GIVEN MATERIAL:
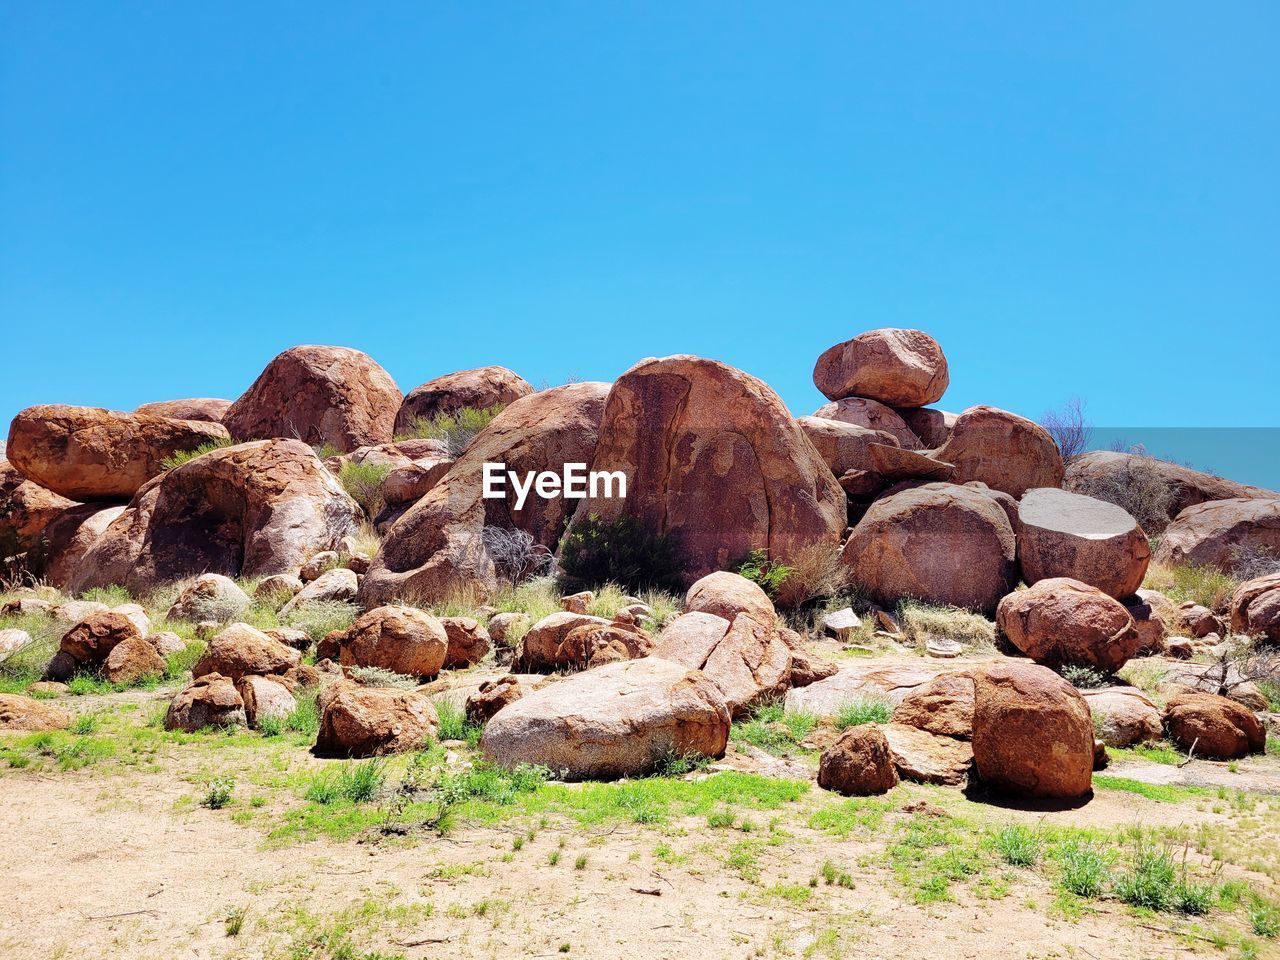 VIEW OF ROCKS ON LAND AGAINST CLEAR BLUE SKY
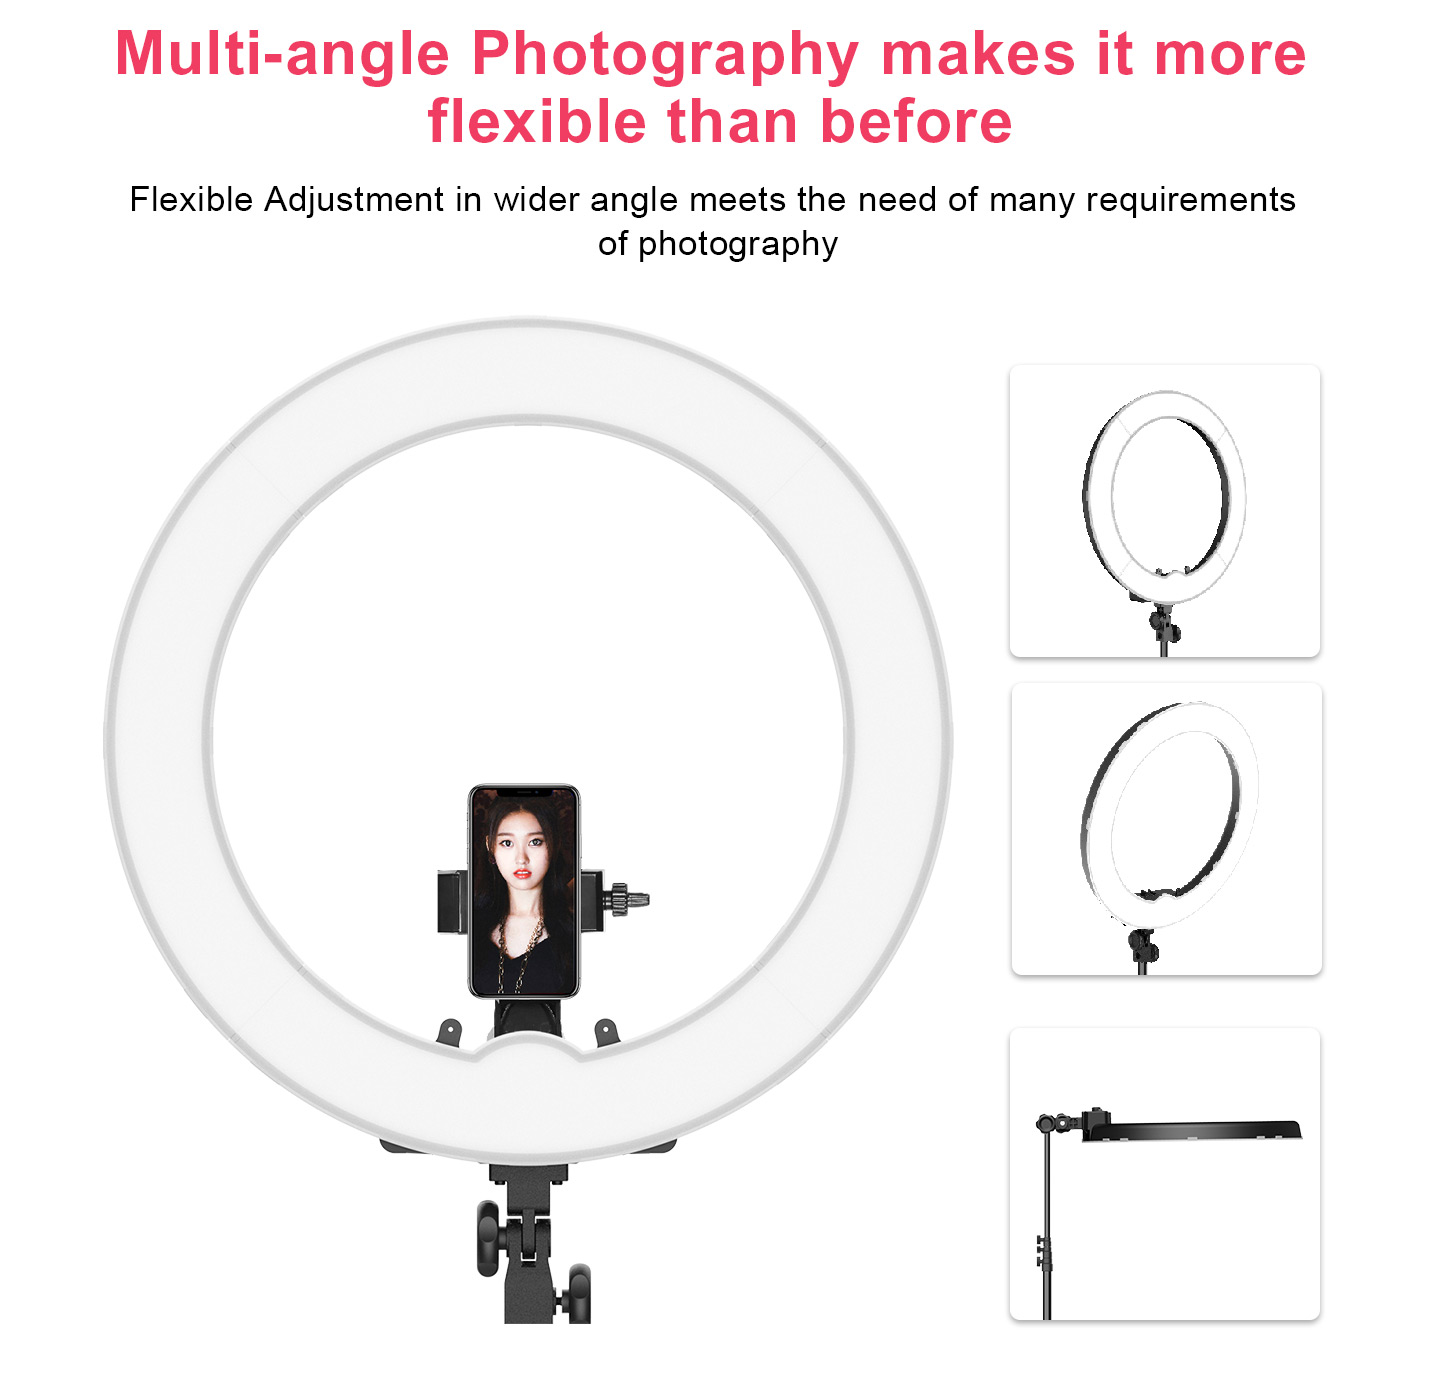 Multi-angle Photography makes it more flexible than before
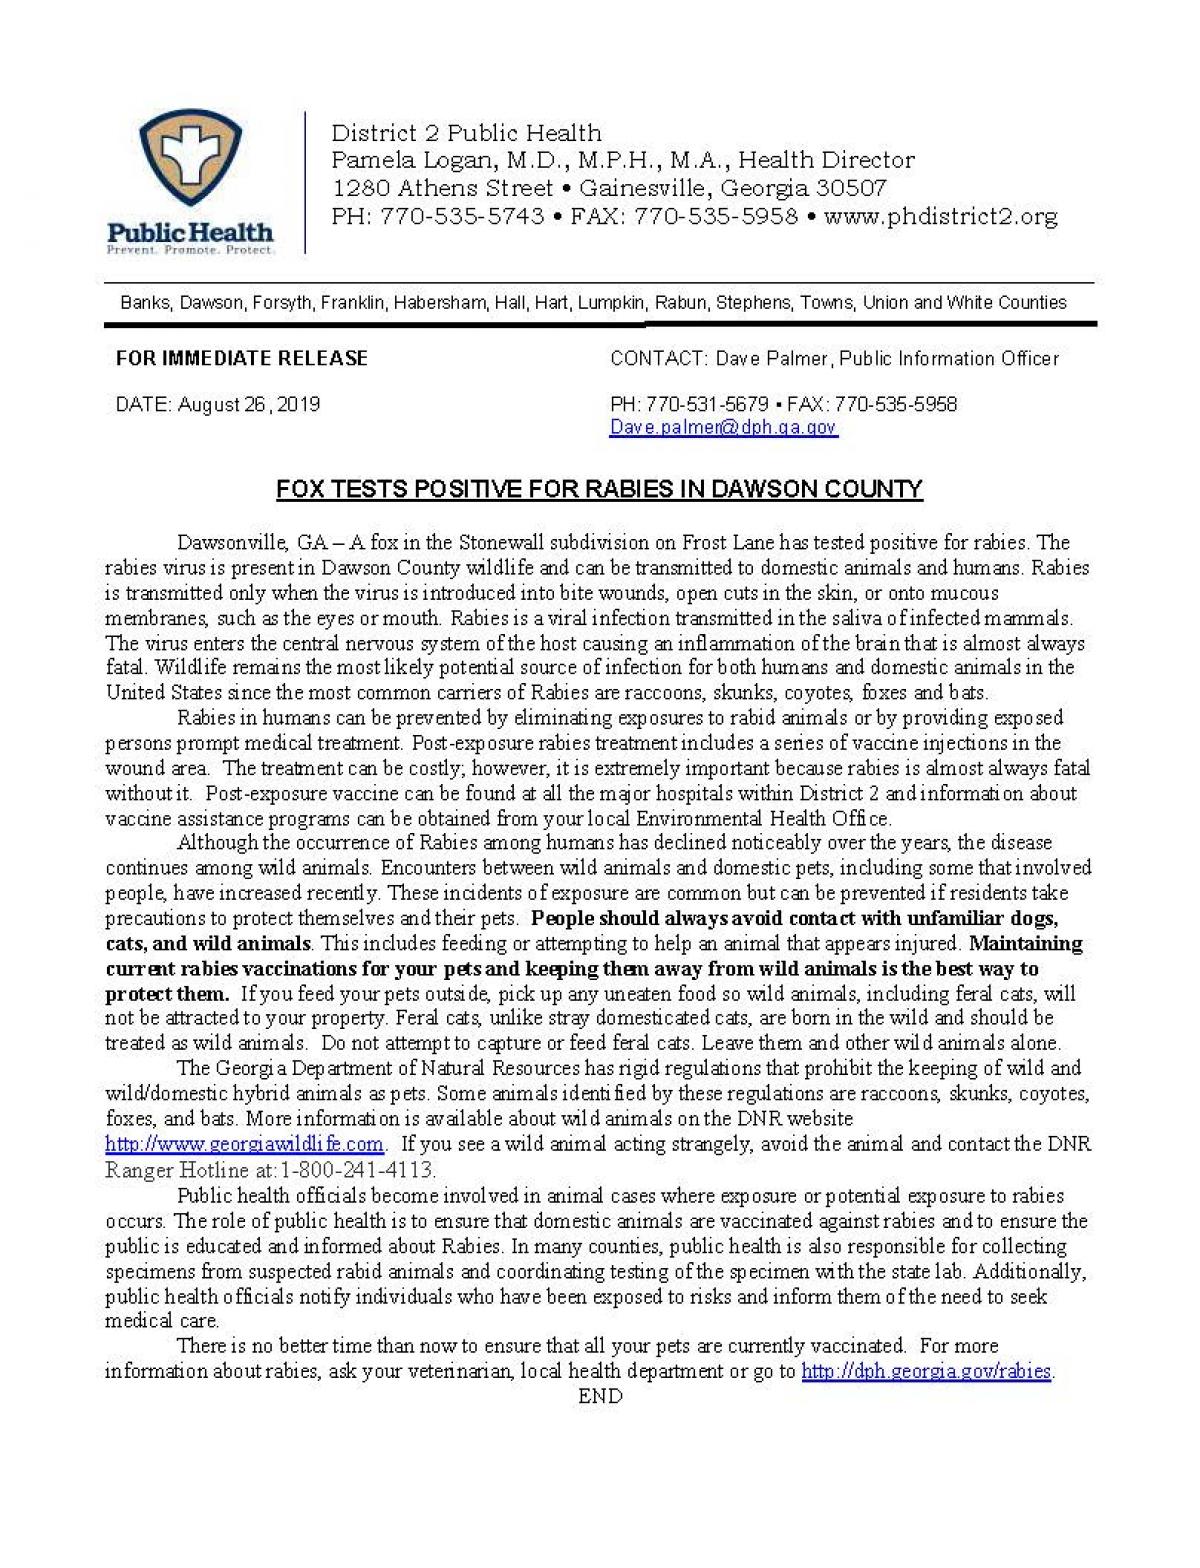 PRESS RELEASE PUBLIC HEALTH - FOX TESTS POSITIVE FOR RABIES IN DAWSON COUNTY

TASK DETAILS: Retype the data shown above exactly, excluding any picture it contains.

TASK OUTPUT:
 VIEW OF ROCKS ON LAND AGAINST CLEAR BLUE SKY
 Multi-angle Photography makes it more flexible than before
 PRESS RELEASE PUBLIC HEALTH - FOX TESTS POSITIVE FOR RABIES IN DAWSON COUNTY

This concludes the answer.